# another weird phone problem



## JaniceM (Jun 25, 2022)

When I changed cell phone service providers awhile back, they gave me a different number.  
It seems that the person who had this number before me still has it listed on some of their accounts- some of which I also use.  
I contacted phone provider and they said this number is now mine, so calls/texts sent to this number would only reach my phone.
However, I can't get it changed on various accounts because the number is still listed as registered to somebody else.  
Any ideas on what I can do about this?


----------



## Chet (Jun 25, 2022)

I had the same deal with my land line when I moved here. I would answer and explain and eventually it ended.


----------



## Gaer (Jun 25, 2022)

Sorry, Can't help.  I agree that is a problem!

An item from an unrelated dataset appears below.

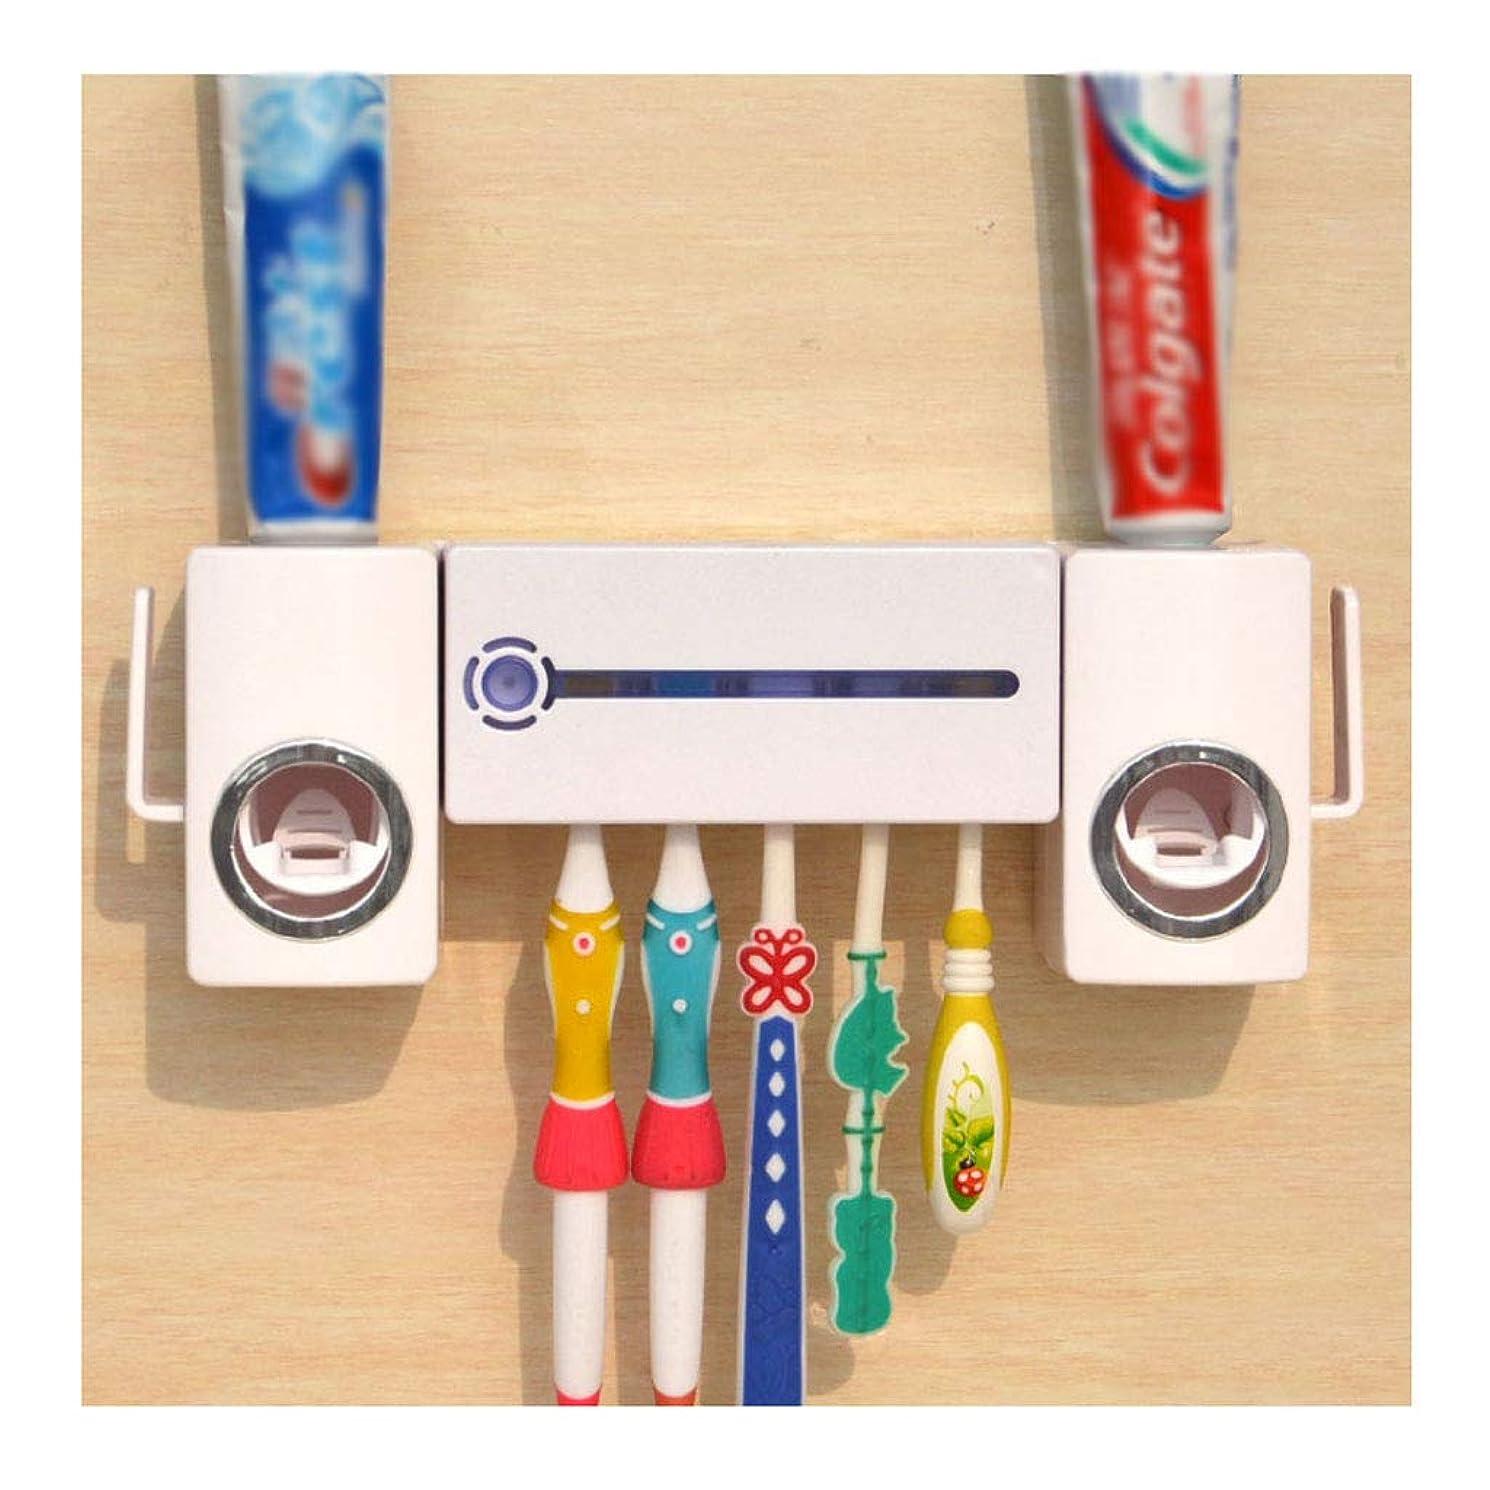 敬意ピース物理滅菌器, 歯ブラシホルダーウォールマウントされた歯磨き粉ディスペンサーテープを持つ電子UV歯ブラシ滅菌器殺す細菌女性のための細菌

Verizon told me to take my late husband's name off my account, (because he died 6 years ago)
would cost me a minimum of $500.  They said it would cost a lot more but they don't know how much.
The additional price would be accrued monthly after the initial $500.
Is this crazy?


----------



## Patricia (Jun 25, 2022)

JaniceM said:


> When I changed cell phone service providers awhile back, they gave me a different number.
> It seems that the person who had this number before me still has it listed on some of their accounts- some of which I also use.
> I contacted phone provider and they said this number is now mine, so calls/texts sent to this number would only reach my phone.
> However, I can't get it changed on various accounts because the number is still listed as registered to somebody else.
> Any ideas on what I can do about this?


I don't know what you do, but that does sound like a problem that's best to solve. So many places go by your phone number as proof of who you are these days.  Most often more than the phone number is needed for identification.  Calling businesses from the phone could prove very confusing.


----------



## Em in Ohio (Jun 25, 2022)

JaniceM said:


> When I changed cell phone service providers awhile back, they gave me a different number.
> It seems that the person who had this number before me still has it listed on some of their accounts- some of which I also use.
> I contacted phone provider and they said this number is now mine, so calls/texts sent to this number would only reach my phone.
> However, I can't get it changed on various accounts because the number is still listed as registered to somebody else.
> Any ideas on what I can do about this?


I believe that I had the same problem.  I was getting voicemails and texts from physician's offices, creditors, lawyers, and insurance claims adjustors.  I ended up returning calls to each and explaining the situation, and they all removed my number from their systems.  It is a pain, but so were the constant messages.  It helps if you can find the prior owner's name - I had to do a lot of talking to some places, but that seemed to help.  Just don't answer unidentified callers for a while, forcing them to leave messages - that's how I figured out the prior owner's name.


----------



## Jace (Jun 25, 2022)

D@mñ cell phone companies! 

And, that why I'm very careful who I give my no. to.


----------



## Packerjohn (Jun 25, 2022)

Gaer said:


> Sorry, Can't help.  I agree that is a problem!
> 
> Verizon told me to take my late husband's name off my account, (because he died 6 years ago)
> would cost me a minimum of $500.  They said it would cost a lot more but they don't know how much.
> ...


The only crazy thing here is you if you pay them crooks the money they are asking you for.  It smells to me of a big rip-off.  You got to be careful when dealing with "fur" faces with tatoos all over their bodies.  LOL  They should be ashamed but unfortunately, they are not.


----------



## MarciKS (Jun 26, 2022)

Gaer said:


> Sorry, Can't help.  I agree that is a problem!
> 
> Verizon told me to take my late husband's name off my account, (because he died 6 years ago)
> would cost me a minimum of $500.  They said it would cost a lot more but they don't know how much.
> ...


They won't take my dead mothers name off the acct. and put it in dad's name. I don't understand what the big deal is. It's the same acct. but the original purchaser has died and her spouse now has the phone. What's so hard about that? Verizon is weird anyway. He had to fill out special paperwork just to have it mailed the house because he got rid of the PO box.


----------



## Mike (Jun 26, 2022)

I too, find this strange JaniceM, over here we keep
our number and take it with us, or if we give up a
number it not reassigned for 2 or 3 years, some
companies, make it difficult, 3 is one, but that was
a long time ago, now-a-days it is fairly easy and all
phones as far as I know are SIM free, any company
SIM will work in any phone.

I suggest that they should change it to another
number.

Mike.


----------



## caroln (Jun 26, 2022)

Packerjohn said:


> The only crazy thing here is you if you pay them crooks the money they are asking you for.  It smells to me of a big rip-off.  You got to be careful when dealing with "fur" faces with tatoos all over their bodies.  LOL  They should be ashamed but unfortunately, they are not.


This is the 2nd time I've seen you reference "fur faces".  What does that mean, people with beards?  Just curious.


----------